Sehari setelah kejadian di Lampung Selatan, bentrok susulan juga terjadi antarwarga Desa Tinggede Kecamatan Marawola Kebupaten Sigi dengan warga Kelurahan Tatura Selatan Kecamatan Palu Selatan Sulawesi Tengah. Di hari yang sama konflik juga pecah antar warga di Pulau Adonara, Kabupaten Flores Timur, NTT. Walaupun dalam peristiwa itu tidak ada korban jiwa, tetapi kita tetap merasa miris ketika melihat masyarakat masih suka menyelesaikannya dengan cara kekerasan. Sebuah fakta kehidupan yang lagi-lagi telah mampu mengoyak sisi kemanusiaan kita.
Fenomena kekerasan yang tak kunjung berakhir di bumi Indonesia ini adalah sebuah konsekuensi dari konflik sosial yang kemudian pecah menjadi kekerasan. Mental tak mau mengalah atau egoistik yang sering menimbulkan konflik masih menjadi nalar bangsa. Sebuah nalar yang kemudian berubah menjadi aksi kekerasan karena sikap konservatisme dan miskin toleransi dipandang biasa oleh sebagian masyarakat. Bahkan nalar kekerasan dianggap karakter untuk menunjukkan superioritas dan keperkesaan individu atau kelompok.
Dalam perspektif Udo Steinbach (1988), penyebab terjadinya konflik dalam masyarakat ketika menganalisis masyarakat di Dunia Ketiga (termasuk di dalamnya Indonesia) ada empat kategorisasi: perpecahan bangsa, perkembangan yang timpang, bentrokan kultural, dan gerakan pembebasan. Dalam analisis ini, waupun keempatnya saling berkaitan, namun Steinbach mengungkap bahwa kategorisasi penyebab terjadinya konflik dalam masyarakat ini dapat dipisahkan. Artinya, menganalisa konflik yang terjadi di masyarakat adalah tergantung pada konteks di mana konflik itu terjadi.

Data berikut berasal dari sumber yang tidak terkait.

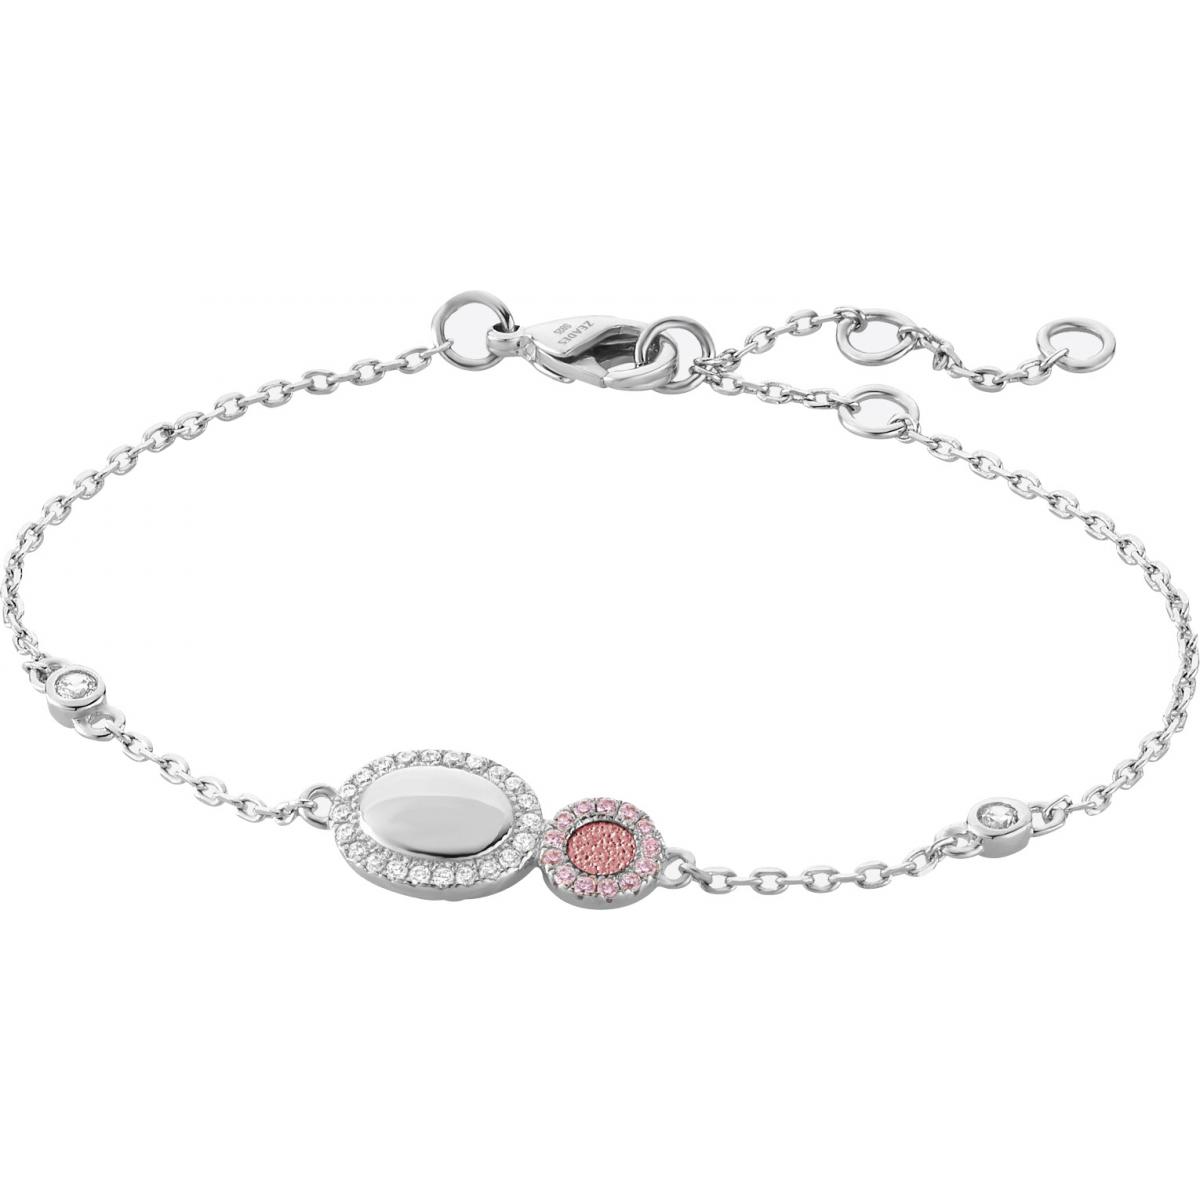 Bracelet Zeades Sbc01020 - Bracelet Or Rose Cuir Cristaux Femme

Dalam konteks Indonesia, terutama ketika dikaitkan dengan konflik yang dilatari oleh unsur sara yang marak terjadi adalah bentrokan kultural. Ketika misalkan ada perbedaan budaya, baik itu dalam hal budaya agama ataupun adat dan tradisi masyarakat justeru malah cenderung dipertentangkan. Di sini, secara sosiologis merupakan konflik yang pada akhirnya juga akan berujung pada perpecahan, pertumpahan darah, bahkan juga akan terjadi pengebiran terhadap hak-hak asasi kemanusiaan.

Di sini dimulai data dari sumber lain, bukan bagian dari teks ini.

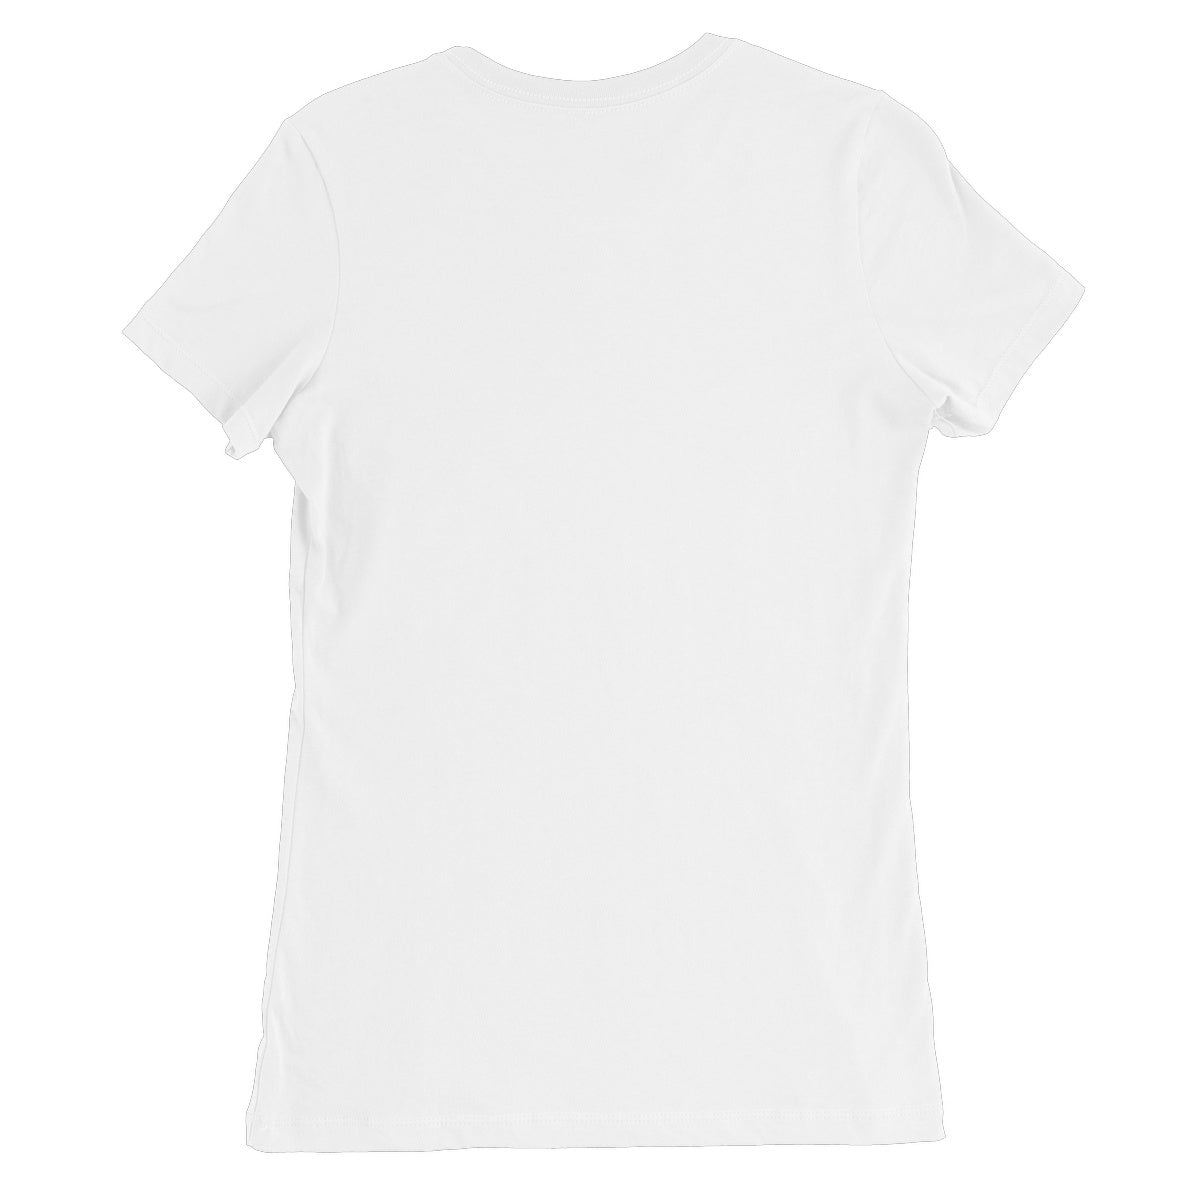 Warhol Style Accordions Women's T-Shirt

Yang lebih naif lagi jika konflik pribadi individu kebanyakan dilatari oleh persoalan antarperorangan yang kemudian dibawa ke lingkup sosial yang lebih besar, sehingga melahirkan konflik berkepanjangan dan tak ayal juga banyak terjadi kekerasan. Ketidakmampuan salah seorang dari figur dalam kelompok sosial juga menjadi salah satu penyebab terjadinya konflik yang berujung pada kekerasan. Ketegangan internal antar individu atau  kelompok sosial pada akhirnya akan menciptakan perpecahan. Sehingga, dalam konteks masyarakat sudah jarang kita mendengar harmonisasi ikatan yang ada di masyarakat.
Akan tetapi, sebagian dari kita tentu juga tidak dapat memungkiri bahwa lahirnya konflik sosial yang berujung pada kekerasan juga dilatarbelakangi oleh adanya kontrol otonomi pemerintahan yang cacat. Otonomi daerah sebagai hasil dari era demokrasi saat ini ternyata juga memiliki  kecacatan. Sebab, konflik dan ketegangan internal juga banyak ditimbulkan oleh kegagalan pembangunan ekonomi dan politik. Dengan demikian, masyarakat sebenarnya juga telah menjadi “korban” atas tindakannya sendiri karena dengan tidak sadar, konflik sosial tersebut sebenarnya merupakan kegagalan pemerintah dalam membangun perdamaian sosial dan antikekerasan.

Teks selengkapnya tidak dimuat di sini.